Это суровое предупреждение не обескураживает сына. Он умоляюще складывает руки то ли затем, чтобы умилостивить ее, то ли с целью показать, что ему не чужда покорность.
— Меньше всего я думаю о себе, вы напрасно против меня ополчились, — он делает шаг к отцу, касается его плеча и продолжает. — Ты должен мне позволить тебя защищать, у меня больше сил и времени. Это — мой долг, ведь ты — мой учитель и друг.
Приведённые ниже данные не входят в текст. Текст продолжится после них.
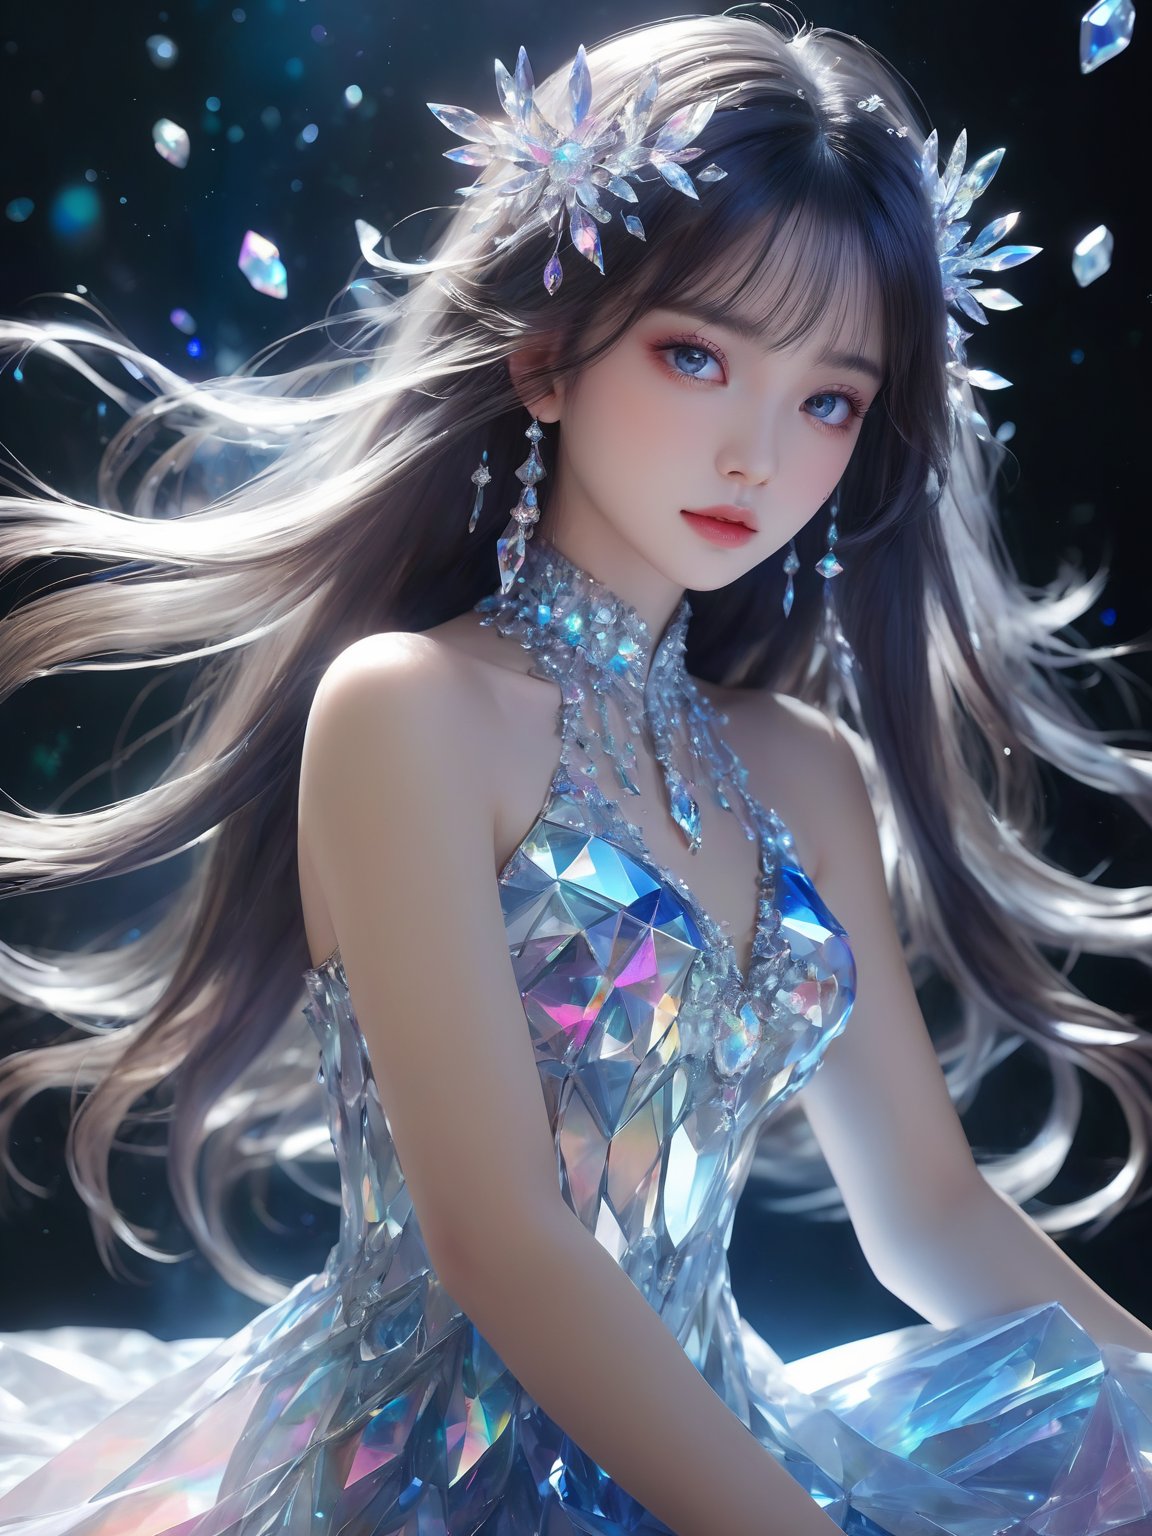 masterpiece,best quality,masterpiece,best quality,official art,extremely detailed CG unity 16k wallpaper,masterpiece,((1girl)),(science fiction:1.1),(ultra-detailed crystallization:1.5),(crystallizing girl:1.5),kaleidoscope,((iridescent:1.5) long hair),(glittering silver eyes),sitting,surrounded by colorful crystals,blue skin,(skin fusion with crystal:1.8),looking up,face focus,simple dress,transparent crystals,flat dark background,lens flare,prism,
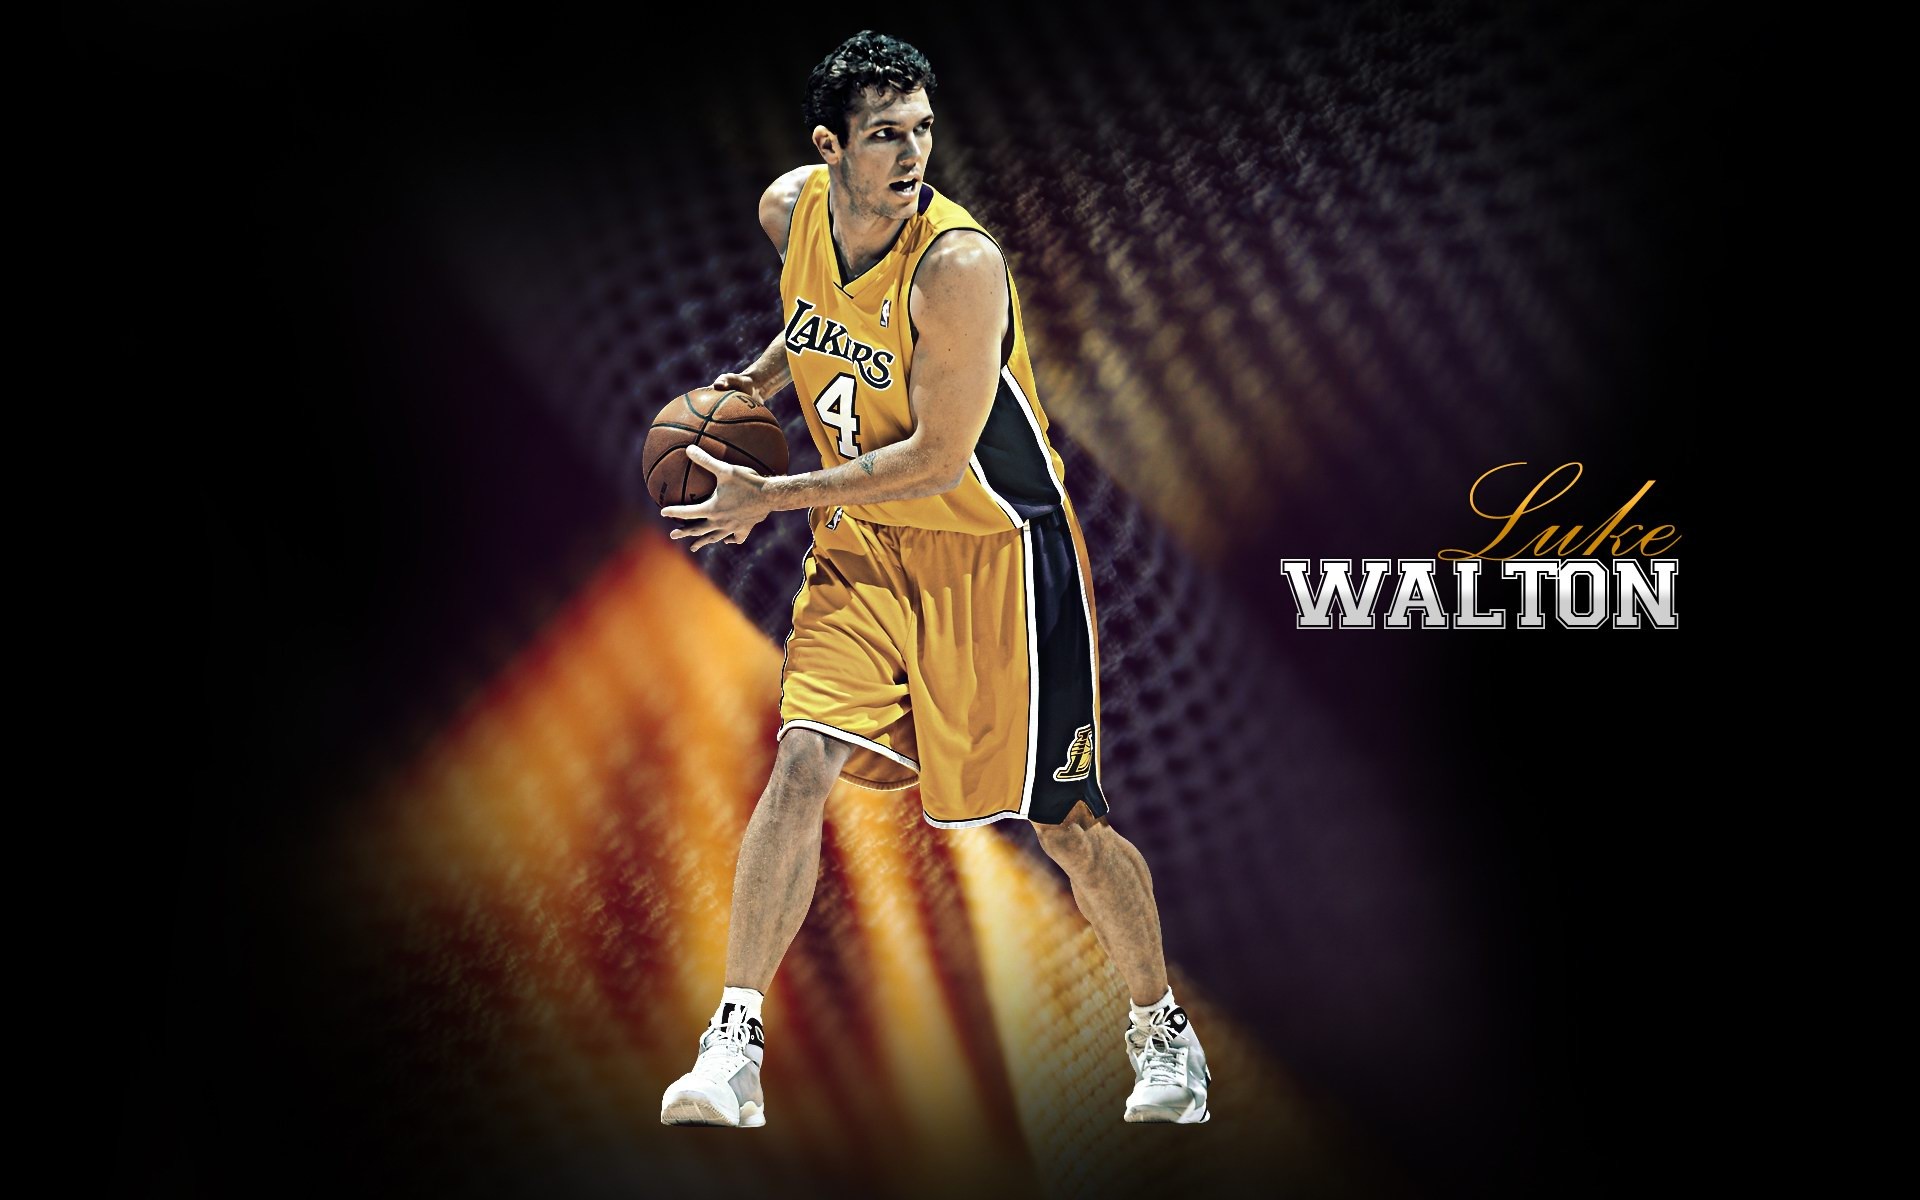 Los Angeles Lakers Official Wallpaper #18 - 1920x1200

Слова эти не смягчают, а еще больше раздражают отца. Он холодно отодвигается, и рука сына повисает. Хмурое лицо предвещает мало хорошего, но молодой человек не трогается с моста. Так стоят они молча друг против друга, оба невысокие, с узкими плечами, черноволосые. Один чуть согнулся и поседел под бременем лет, другой — стройный и сильный с шапкой иссиня-черных волос. У сына полные губы, такими же они были когда-то у отца. У того и у другого нос крупный, с горбинкой и раздвоенный широкий подбородок. Это все, что у них общего, а думают и чувствуют они разно, один очевидное примет за кажущееся, неправду предпочтет правде, только бы угодить кому следует и добрую славу сохранить. Для другого своя мысль — выше всяких заветов, своя вера — высший судья. Оба чтут науку, верят в нее, но цели ее видят по-разному.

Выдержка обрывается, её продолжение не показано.